We provide for both attacks and defenses, based on their characterizations, and discuss open challenges and future research directions.
- Score: 31.19776505014808
- License: http://creativecommons.org/licenses/by/4.0/
- Abstract: Vertical Federated Learning (VFL) is a federated learning paradigm where
multiple participants, who share the same set of samples but hold different
features, jointly train machine learning models. Although VFL enables
collaborative machine learning without sharing raw data, it is still
susceptible to various privacy threats. In this paper, we conduct the first
comprehensive survey of the state-of-the-art in privacy attacks and defenses in
VFL. We provide taxonomies for both attacks and defenses, based on their
characterizations, and discuss open challenges and future research directions.

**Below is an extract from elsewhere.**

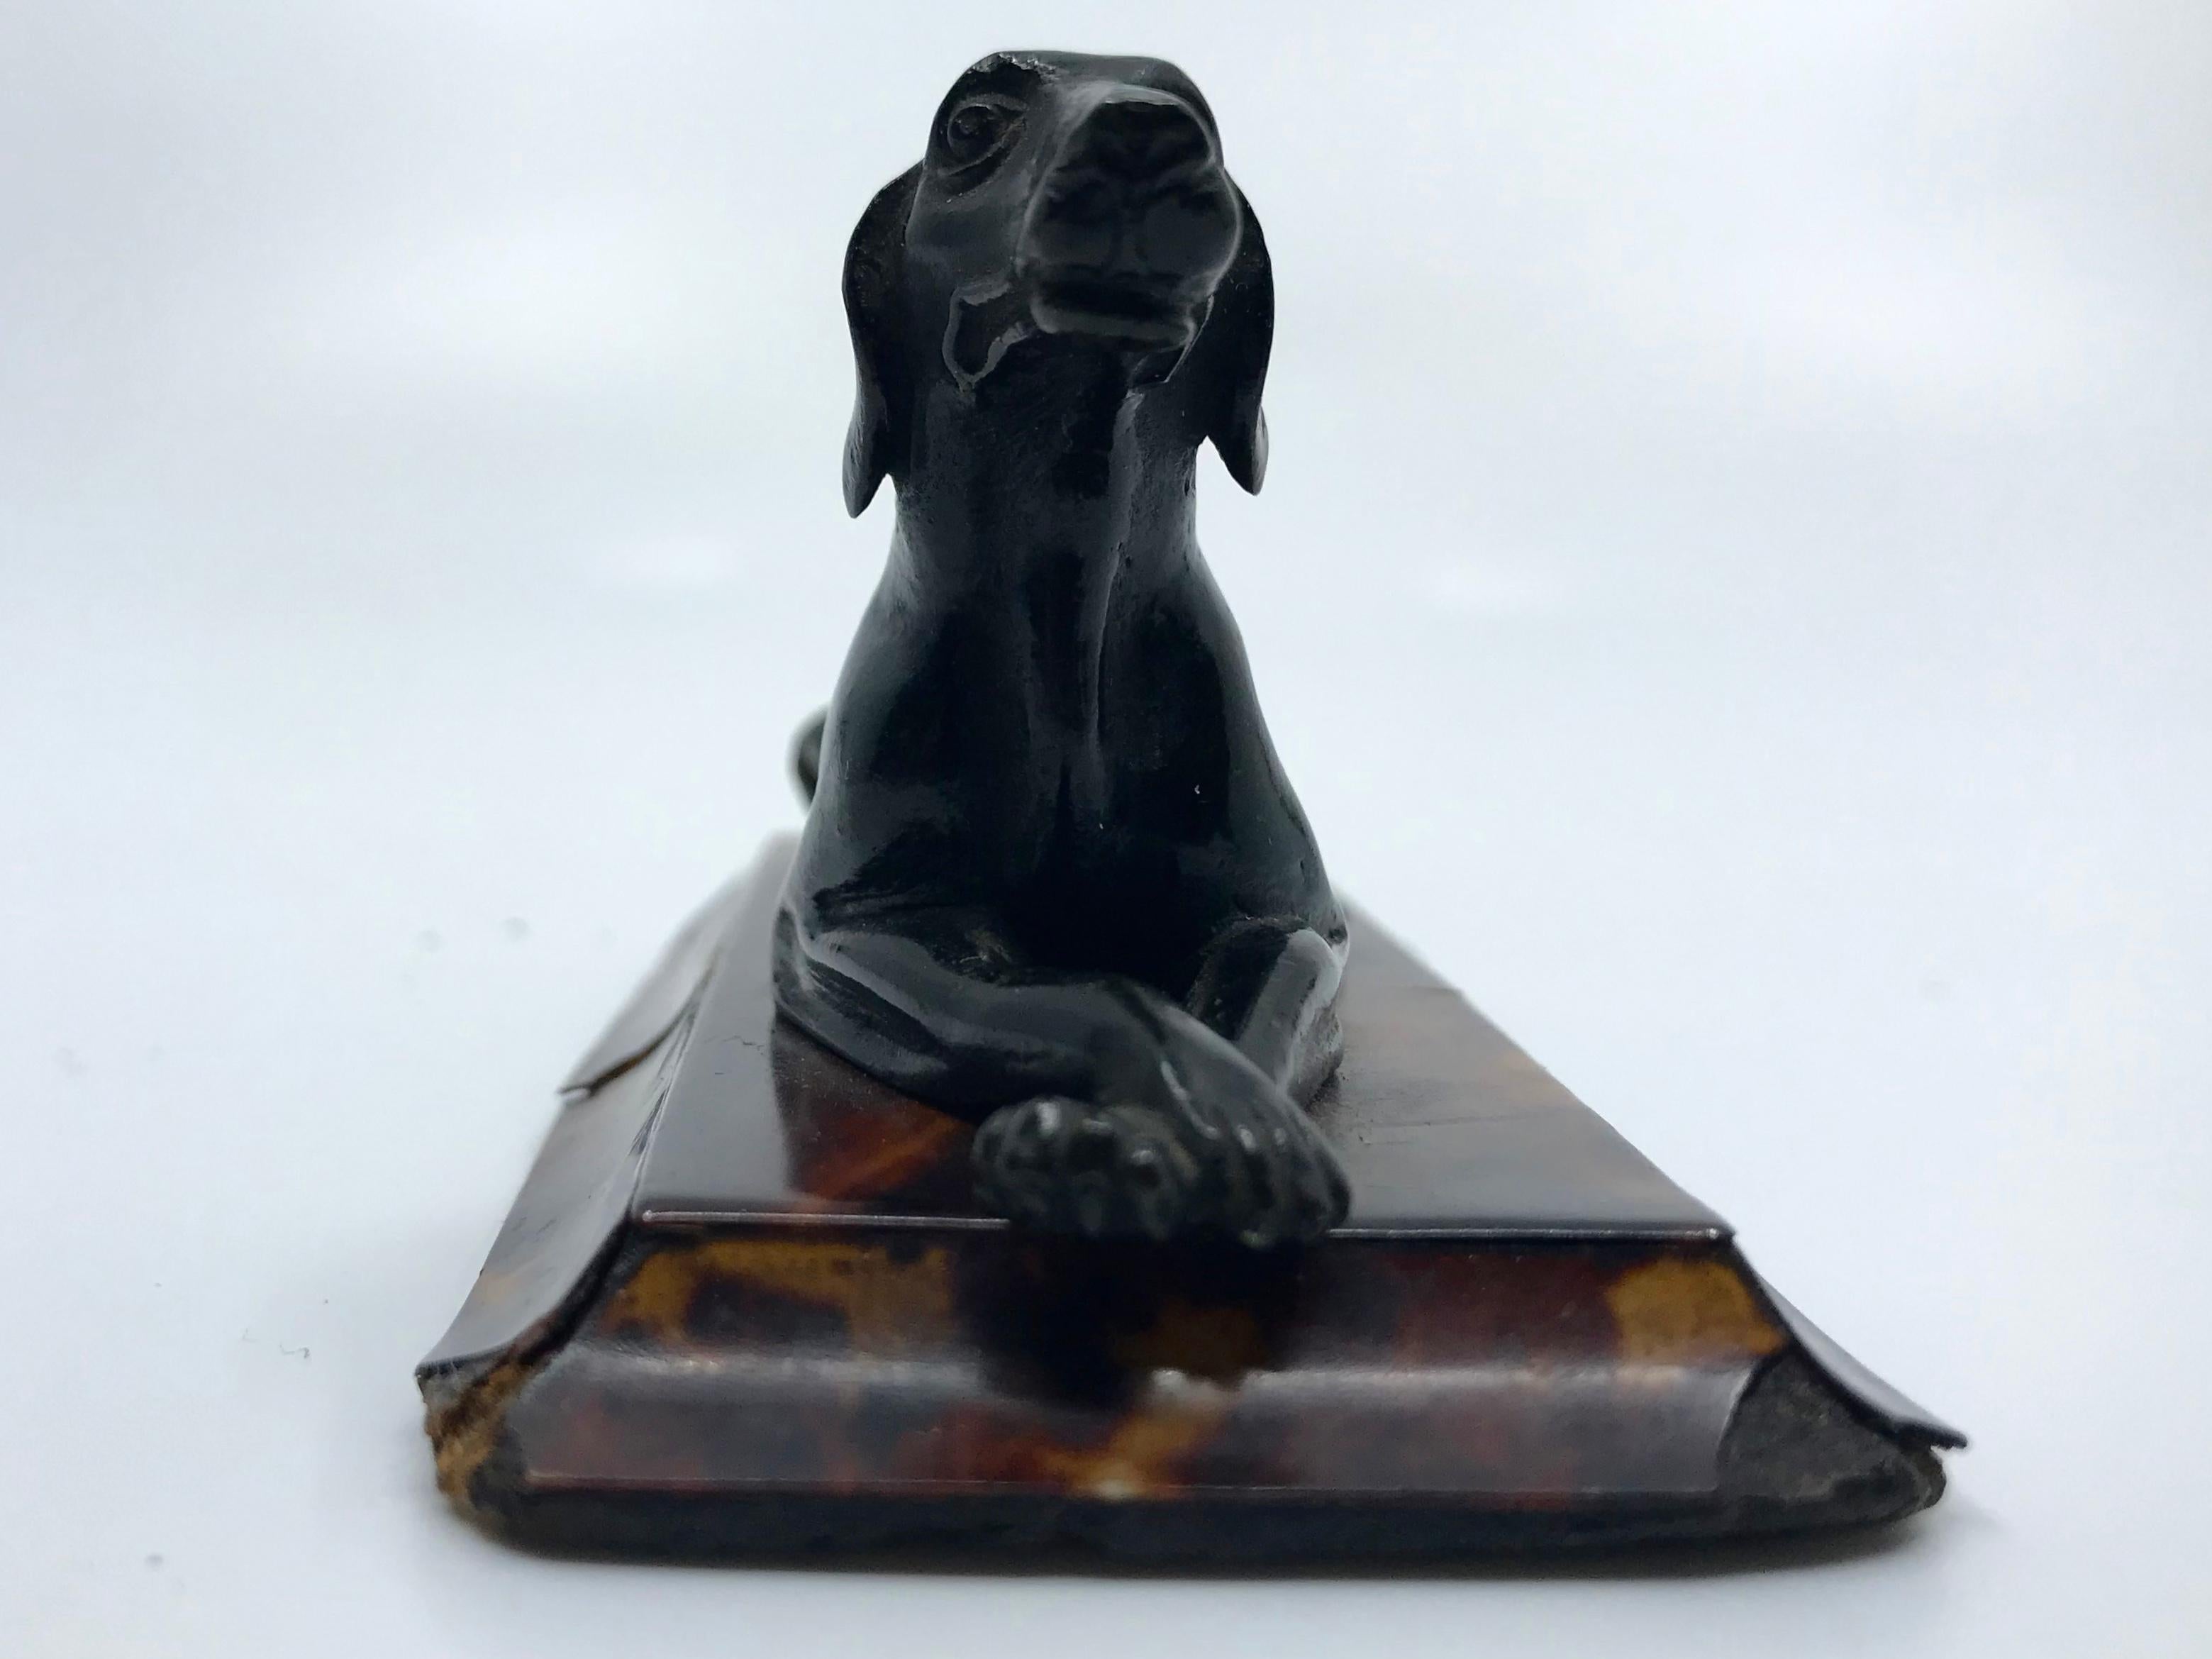 Regency bronze hound dog sculpture on tortoiseshell base. English bronze hunting dog sculpture on original low sculpted plinth base sheathed in tortoiseshell, England, 1820’s.
Dimensions: 4.38” W x 2.13

Specifically, our discussion is structured around the model's life cycle, by
delving into the privacy threats encountered during different stages of machine
learning and their corresponding countermeasures. This survey not only serves
as a resource for the research community but also offers clear guidance and
actionable insights for practitioners to safeguard data privacy throughout the
model's life cycle.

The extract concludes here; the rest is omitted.